Problem — Reproduce the listing exactly. Omit pictures.

Recorded data —
--------------------------------------------------
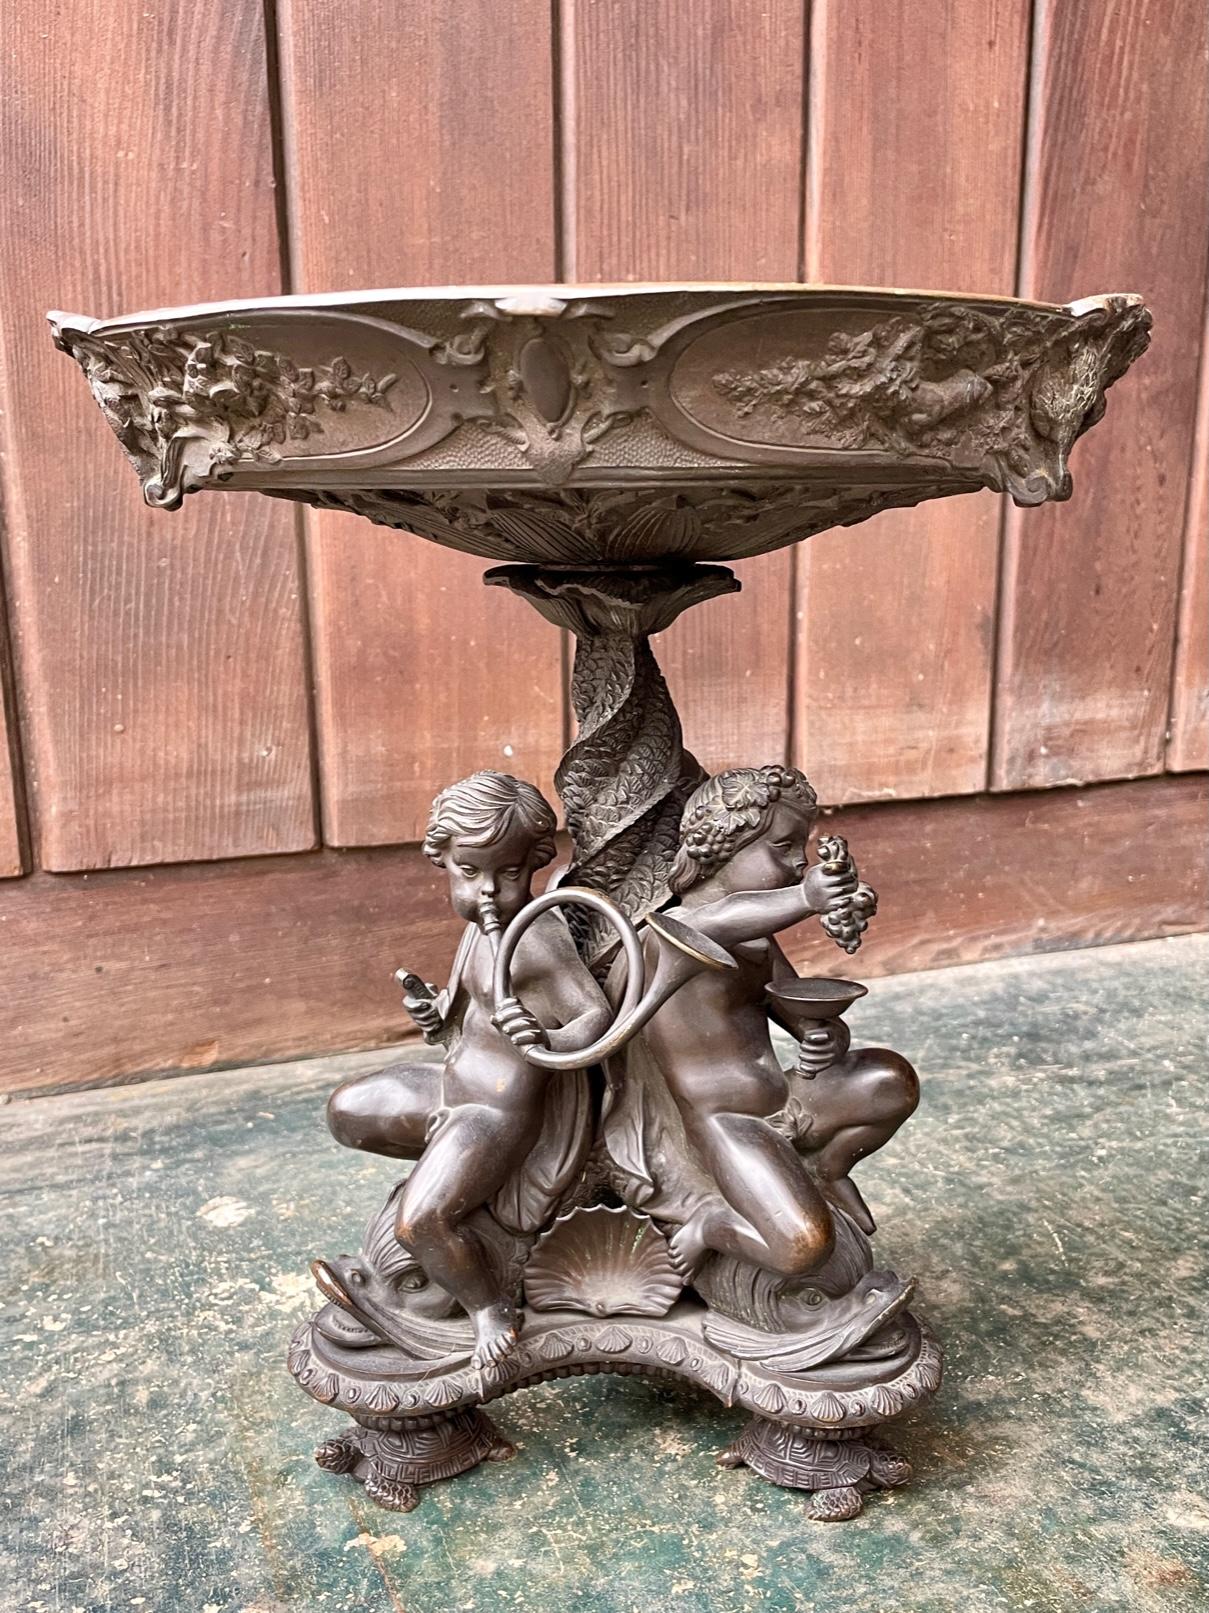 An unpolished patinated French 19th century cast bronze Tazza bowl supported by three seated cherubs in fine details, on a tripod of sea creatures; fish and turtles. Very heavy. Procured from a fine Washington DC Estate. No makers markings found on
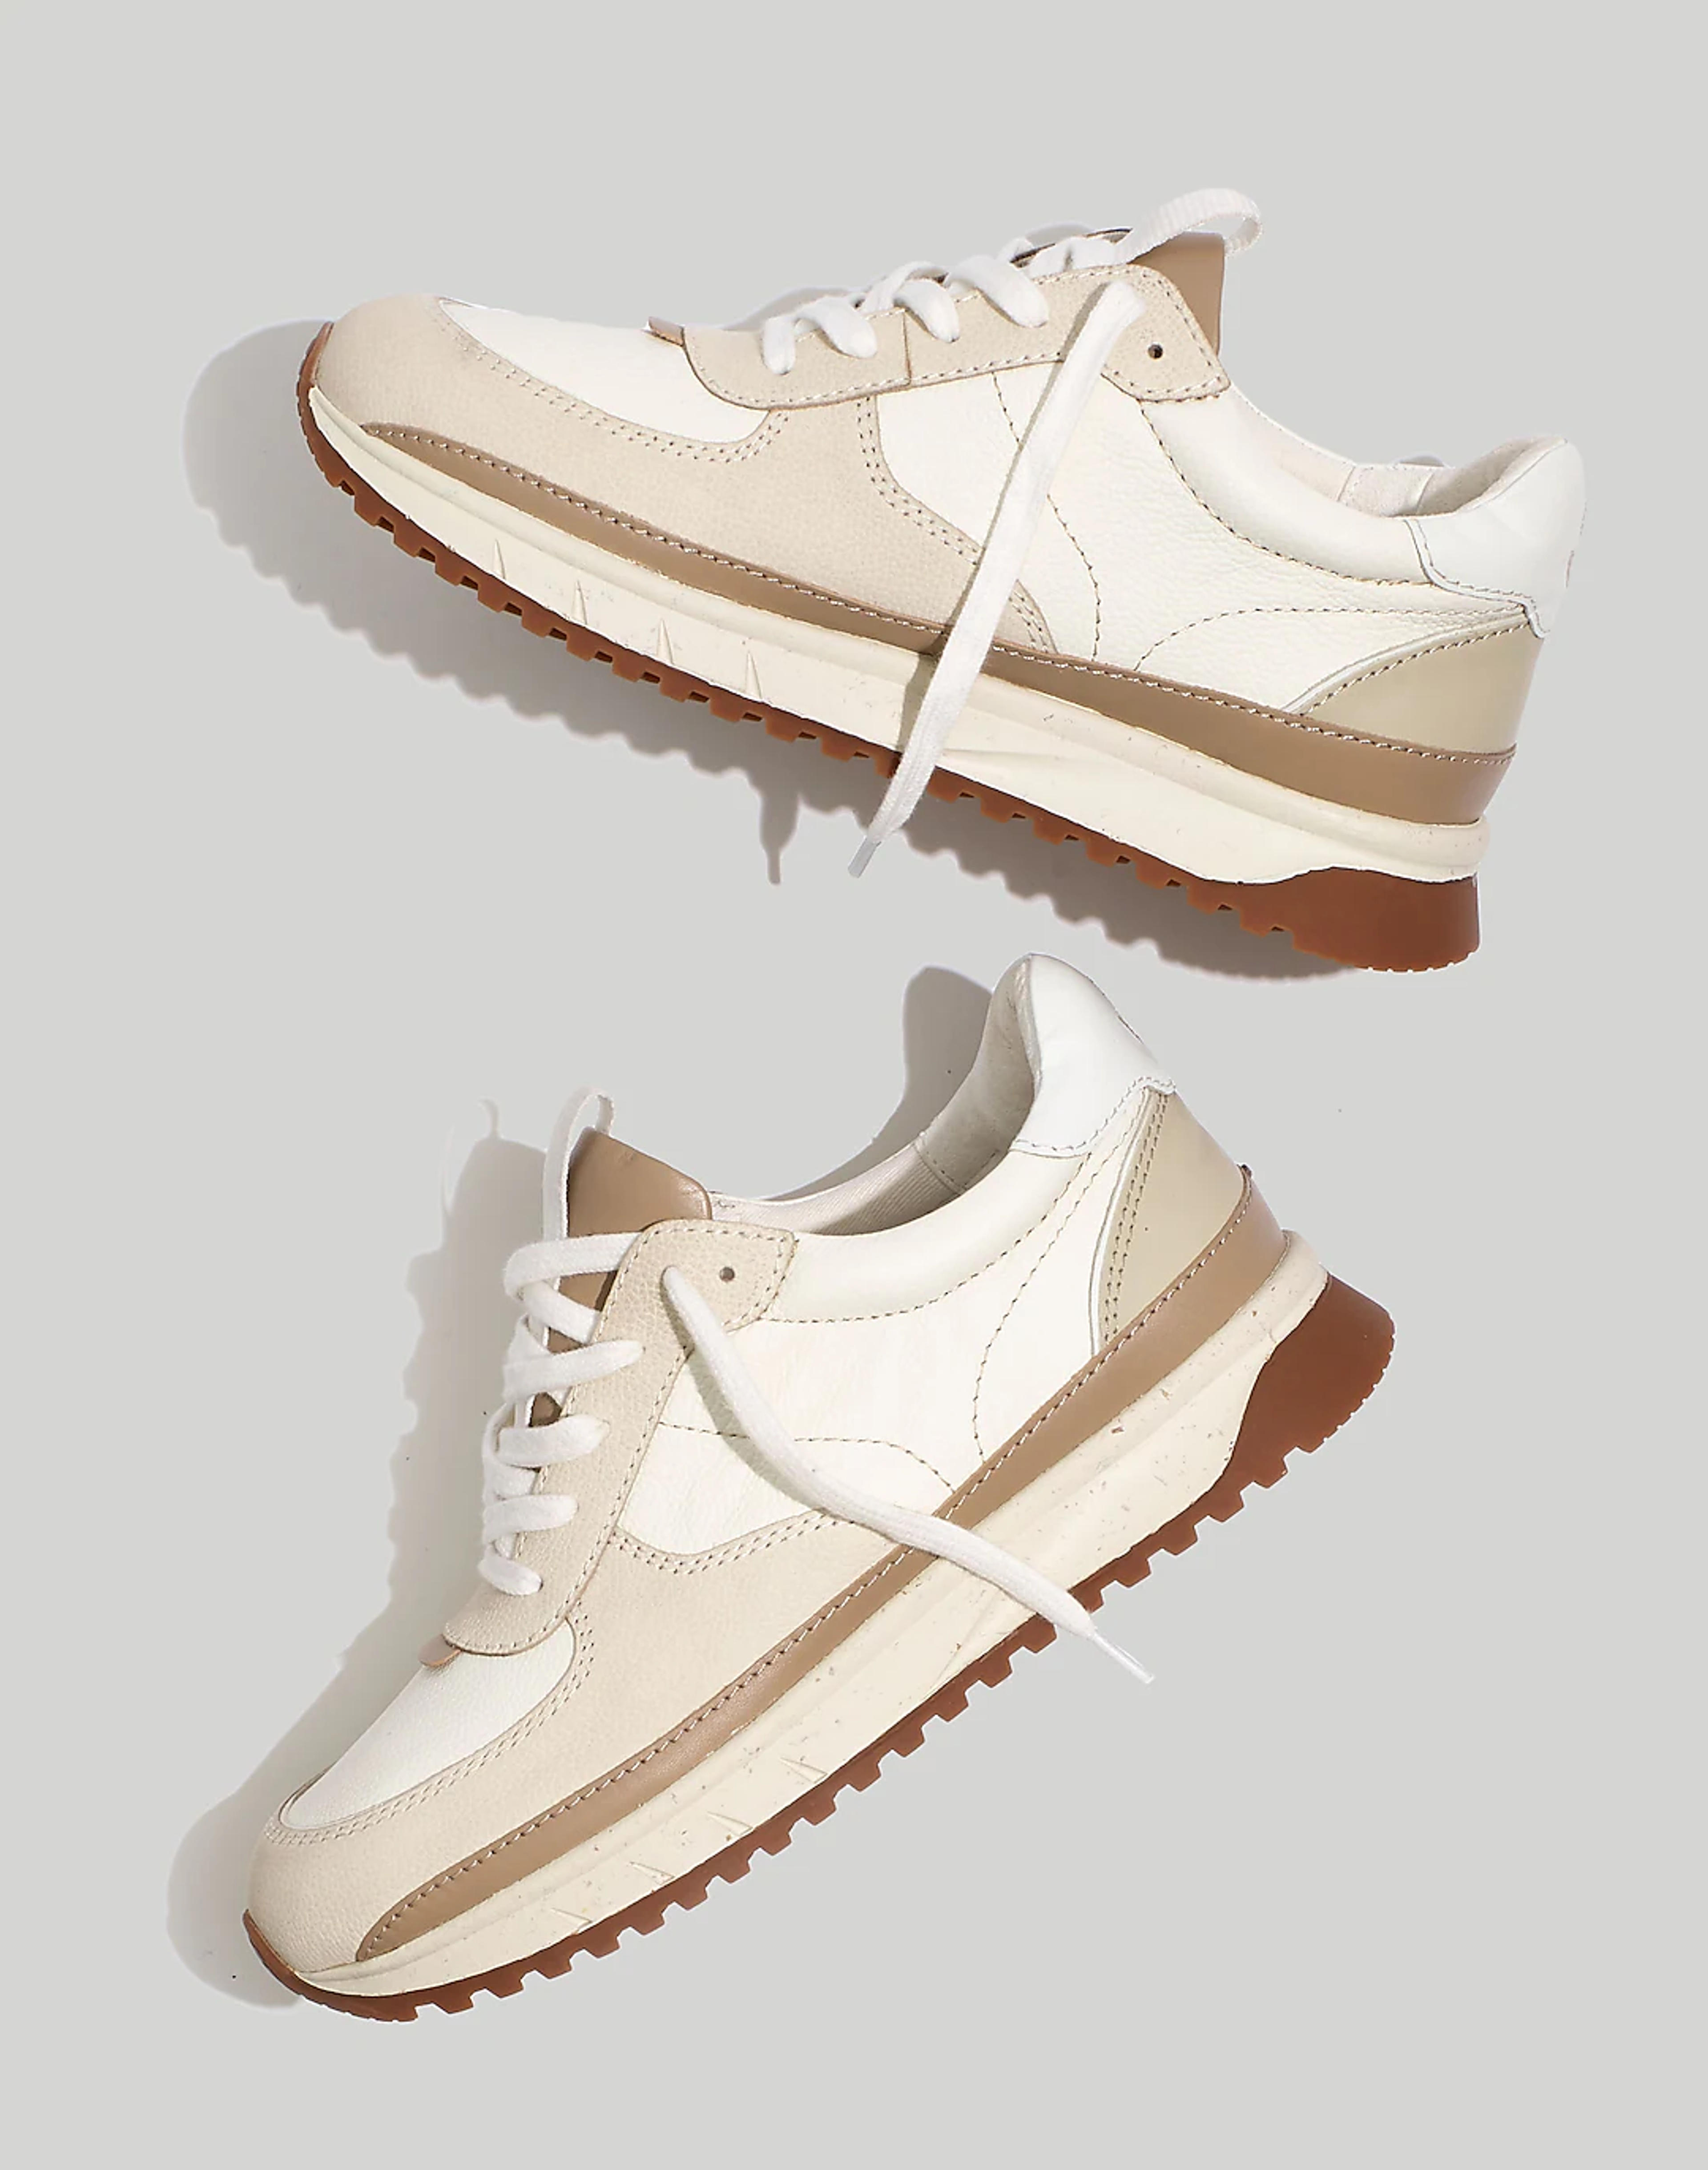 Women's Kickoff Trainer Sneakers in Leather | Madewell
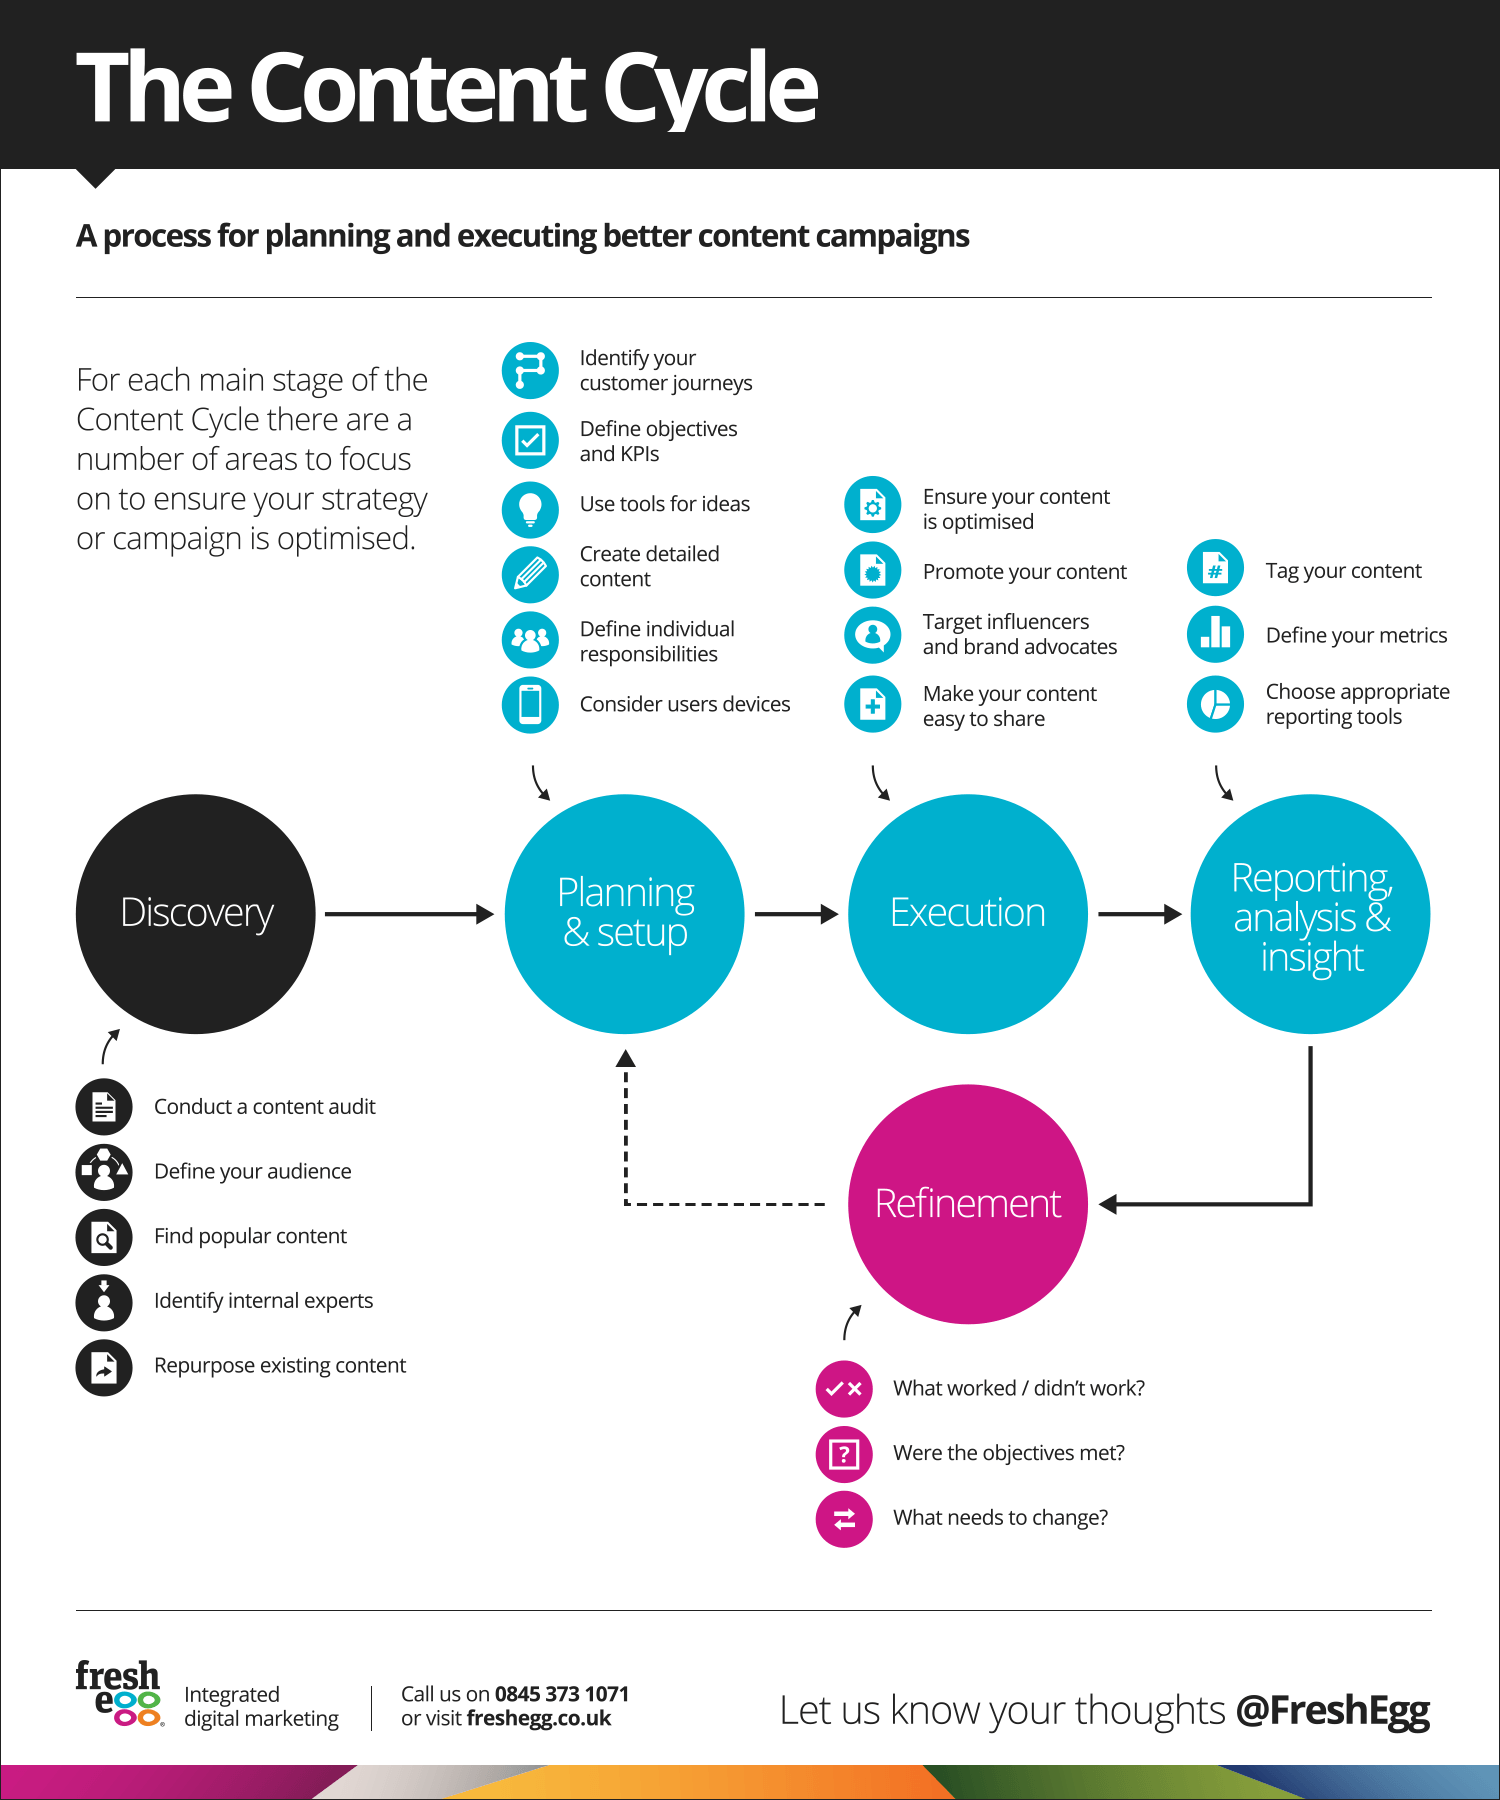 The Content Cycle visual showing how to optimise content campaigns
--------------------------------------------------
Answer section —
 An unpolished patinated French 19th century cast bronze Tazza bowl supported by three seated cherubs in fine details, on a tripod of sea creatures; fish and turtles. Very heavy. Procured from a fine Washington DC Estate. No makers markings found on
 Women's Kickoff Trainer Sneakers in Leather | Madewell
 The Content Cycle visual showing how to optimise content campaigns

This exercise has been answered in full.